▶ **Your goal**
Your answer should be only the lines below from the one with "Pasākumu plāns noziedzīgi" to the one with "Literatura nie mówi", repeated exactly, ends included.

▶ **Material shown**

******************************

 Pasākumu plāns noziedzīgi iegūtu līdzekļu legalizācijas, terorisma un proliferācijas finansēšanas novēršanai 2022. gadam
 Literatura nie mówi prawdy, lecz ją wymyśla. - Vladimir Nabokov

******************************

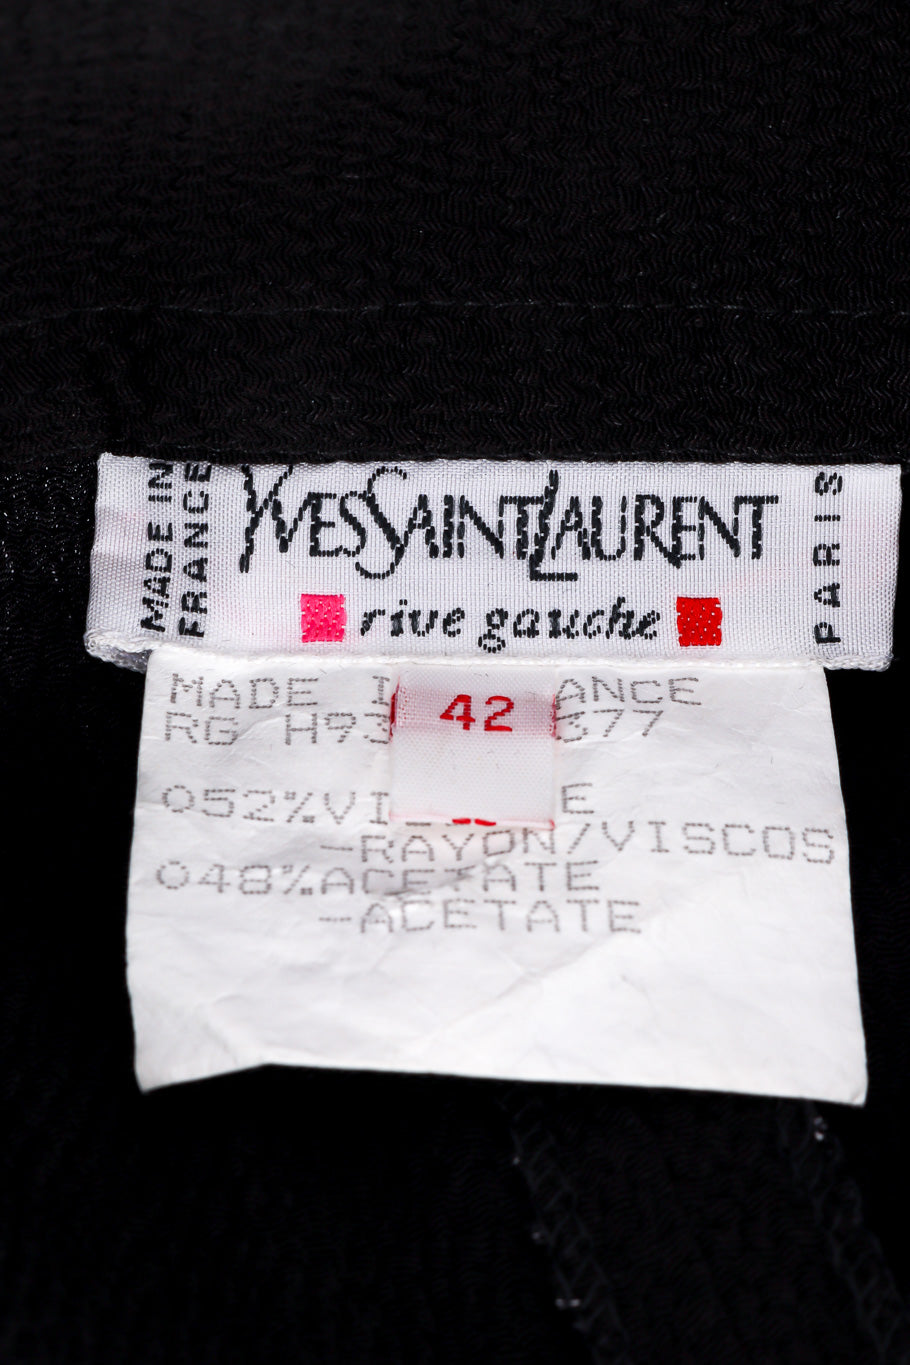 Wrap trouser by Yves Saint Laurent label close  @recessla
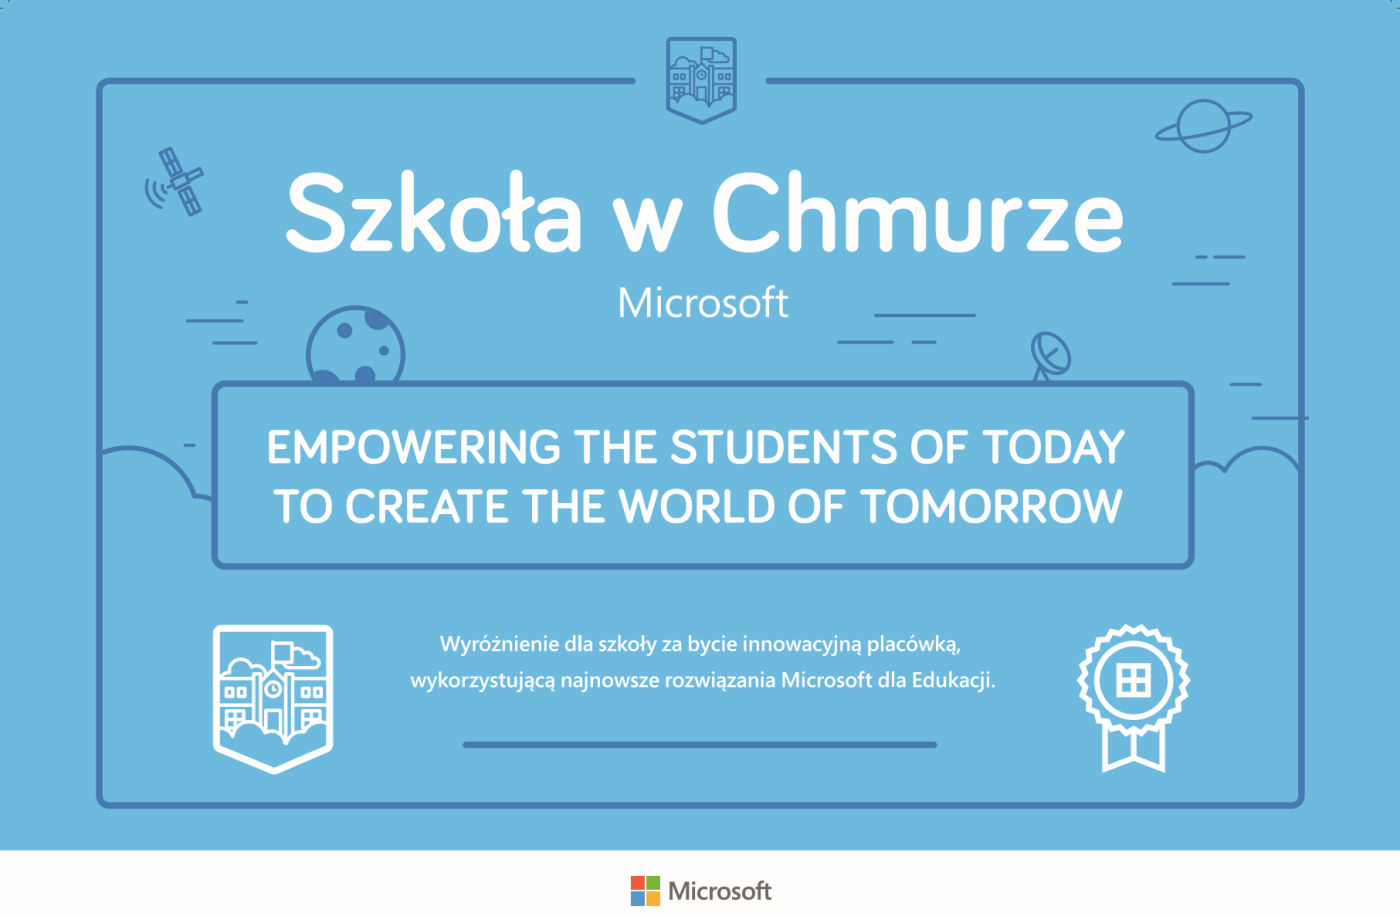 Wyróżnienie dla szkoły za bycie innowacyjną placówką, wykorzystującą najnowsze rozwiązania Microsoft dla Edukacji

******************************

▶ **Answer for the task**
 Pasākumu plāns noziedzīgi iegūtu līdzekļu legalizācijas, terorisma un proliferācijas finansēšanas novēršanai 2022. gadam
 Literatura nie mówi prawdy, lecz ją wymyśla. - Vladimir Nabokov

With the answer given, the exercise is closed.